You can build a simple "language model" for this purpose. It will estimate probability of a phrase, and mark phrases with low average per-word probability as unusual.
For word probability estimation, it can use a smoothed word count.
This is how the model could look like:
import re
import numpy as np
from collections import Counter
class LanguageModel:
""" A simple model to measure 'unusualness' of sentences.
delta is a smoothing parameter.
The larger delta is, the higher is the penalty for unseen words.
"""
def __init__(self, delta=0.01):
self.delta = delta
def preprocess(self, sentence):
words = sentence.lower().split()
return [re.sub(r"[^A-Za-z]+", '', word) for word in words]
def fit(self, corpus):
""" Estimate counts from an array of texts """
self.counter_ = Counter(word
for sentence in corpus
for word in self.preprocess(sentence))
self.total_count_ = sum(self.counter_.values())
self.vocabulary_size_ = len(self.counter_.values())

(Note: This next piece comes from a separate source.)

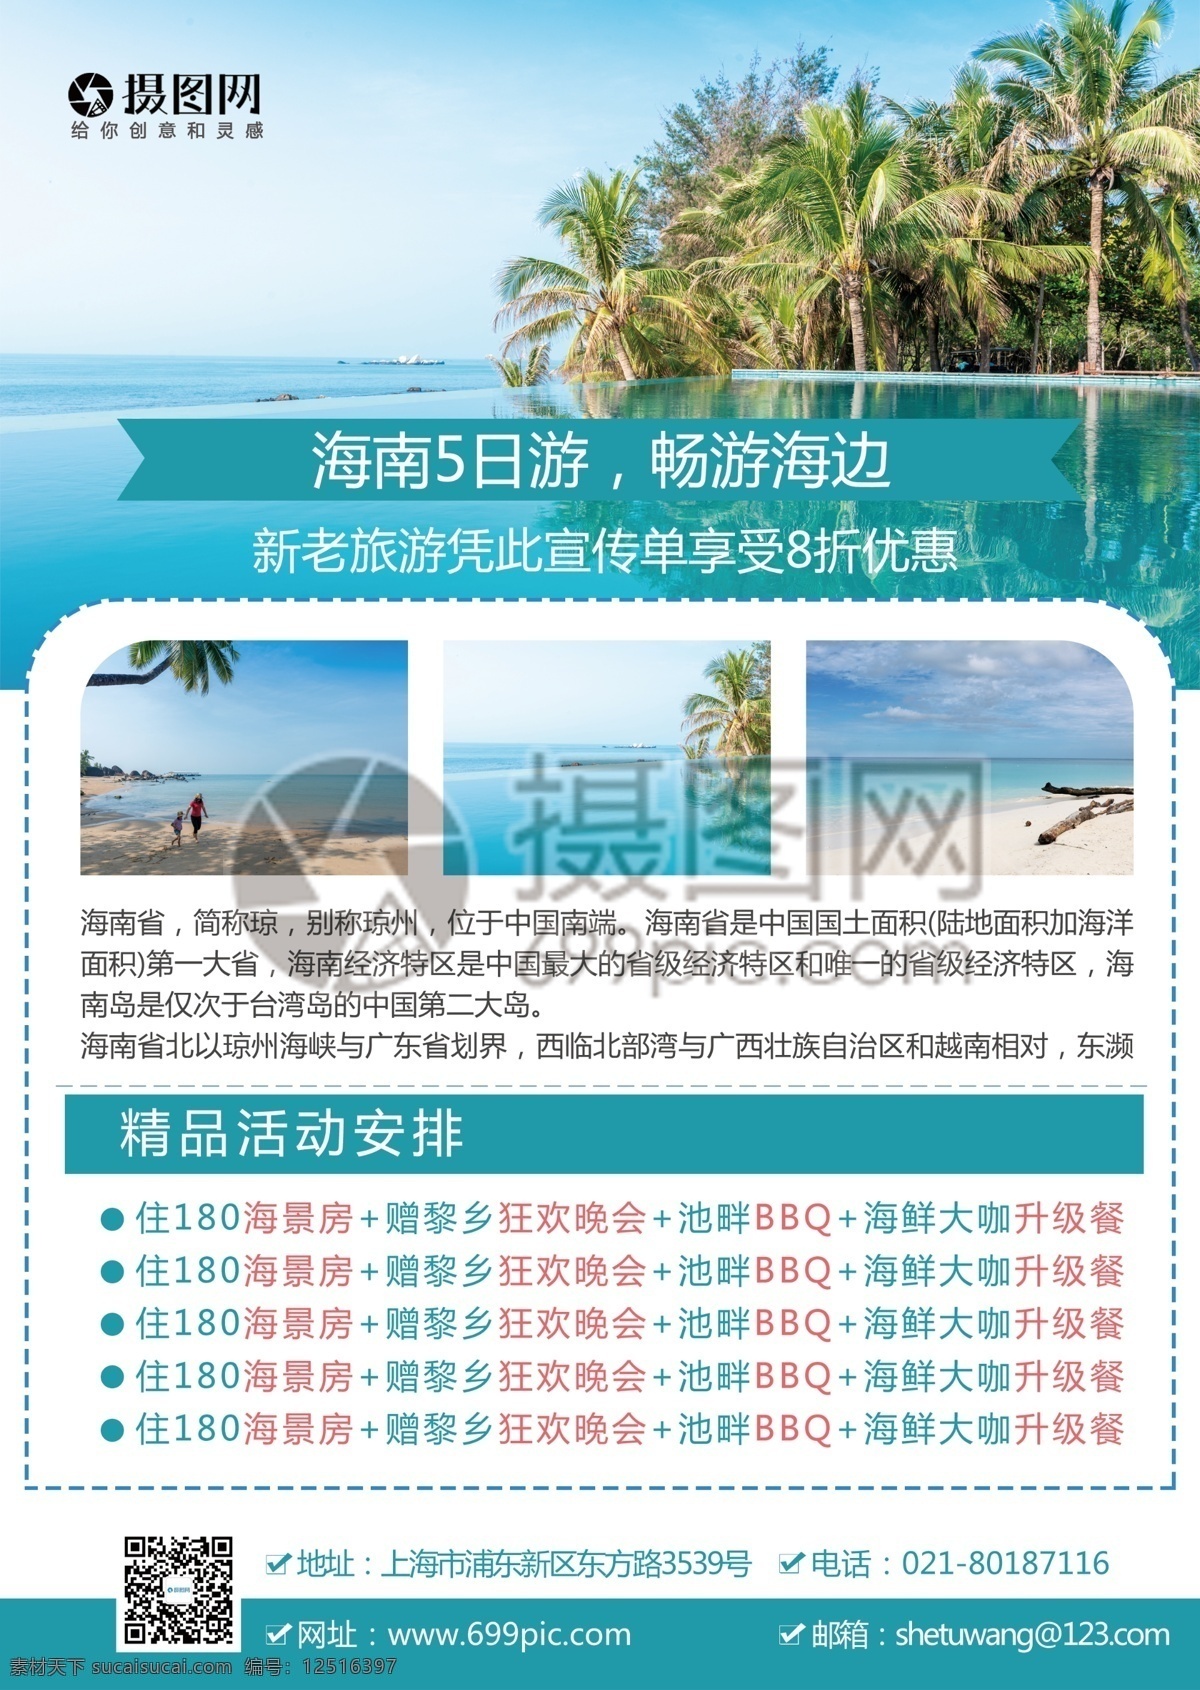 海南旅游 宣传单 海南 海 沙滩 游玩 旅游 旅行 国内游 跟团游 旅行社 旅游路线 风景 风光 景色
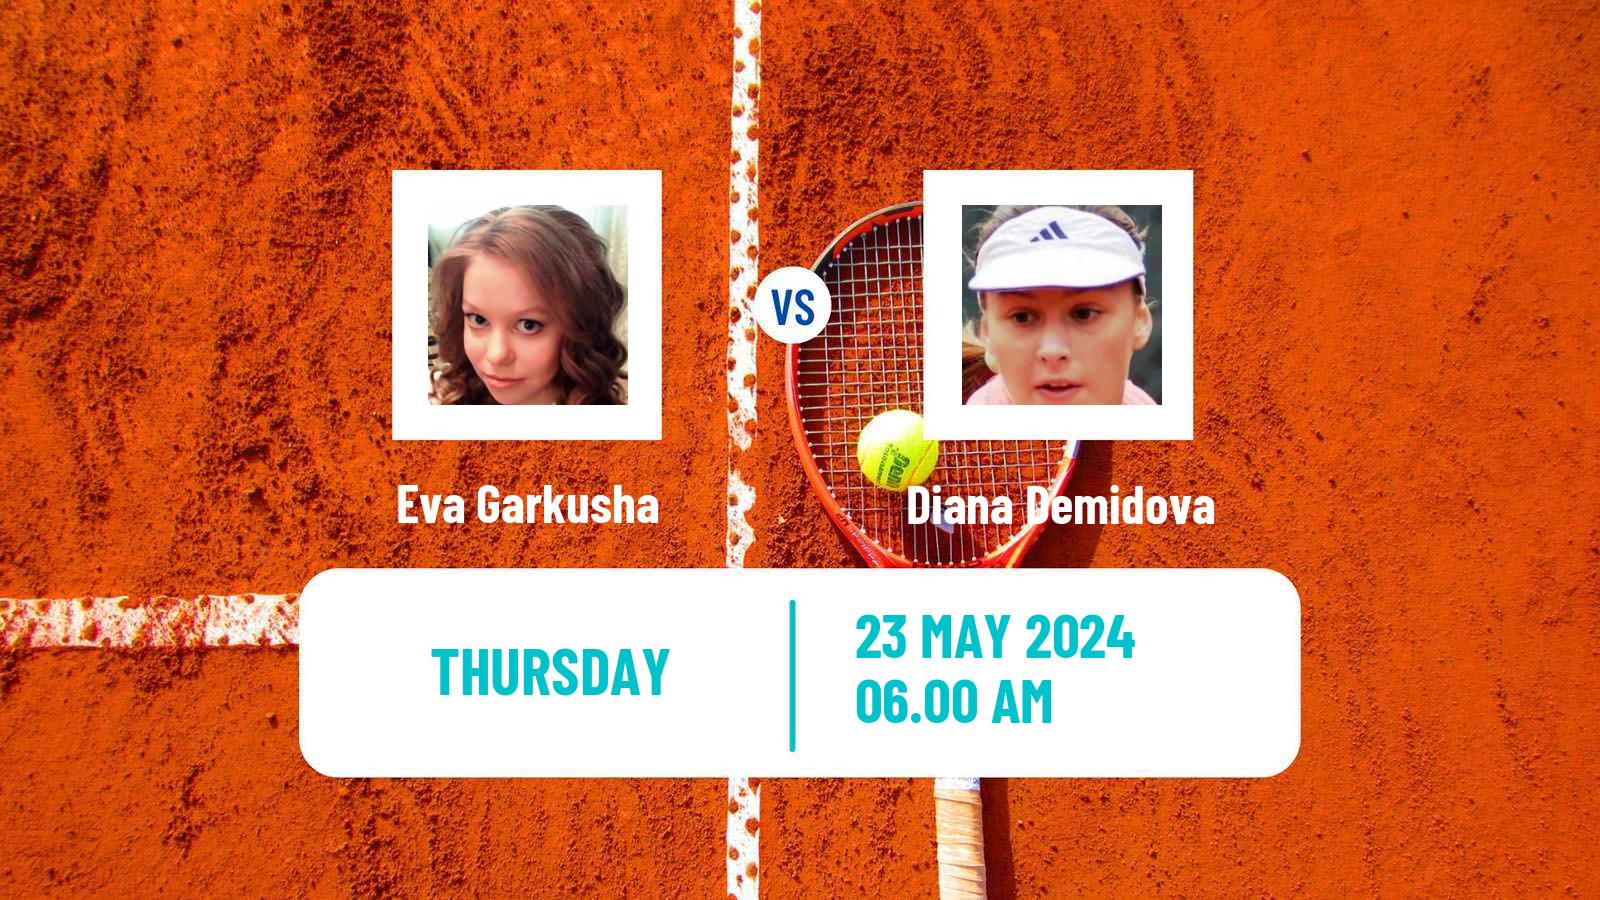 Tennis ITF W15 Monastir 19 Women Eva Garkusha - Diana Demidova

def perplexity(self, sentence):
""" Calculate negative mean log probability of a word in a sentence
The higher this number, the more unusual the sentence is.
"""
words = self.preprocess(sentence)
mean_log_proba = 0.0
for word in words:
# use a smoothed version of "probability" to work with unseen words
word_count = self.counter_.get(word, 0) + self.delta
total_count = self.total_count_ + self.vocabulary_size_ * self.delta
word_probability = word_count / total_count
mean_log_proba += np.log(word_probability) / len(words)
return -mean_log_proba
def relative_perplexity(self, sentence):
""" Perplexity, normalized between 0 (the most usual sentence) and 1 (the most unusual)"""
return (self.perplexity(sentence) - self.min_perplexity) / (self.max_perplexity - self.min_perplexity)
@property
def max_perplexity(self):
""" Perplexity of an unseen word """
return -np.log(self.delta / (self.total_count_ + self.vocabulary_size_ * self.delta))
@property
def min_perplexity(self):
""" Perplexity of the most likely word """
return self.perplexity(self.counter_.most_common(1)[0][0])
You can train this model and apply it to different sentences.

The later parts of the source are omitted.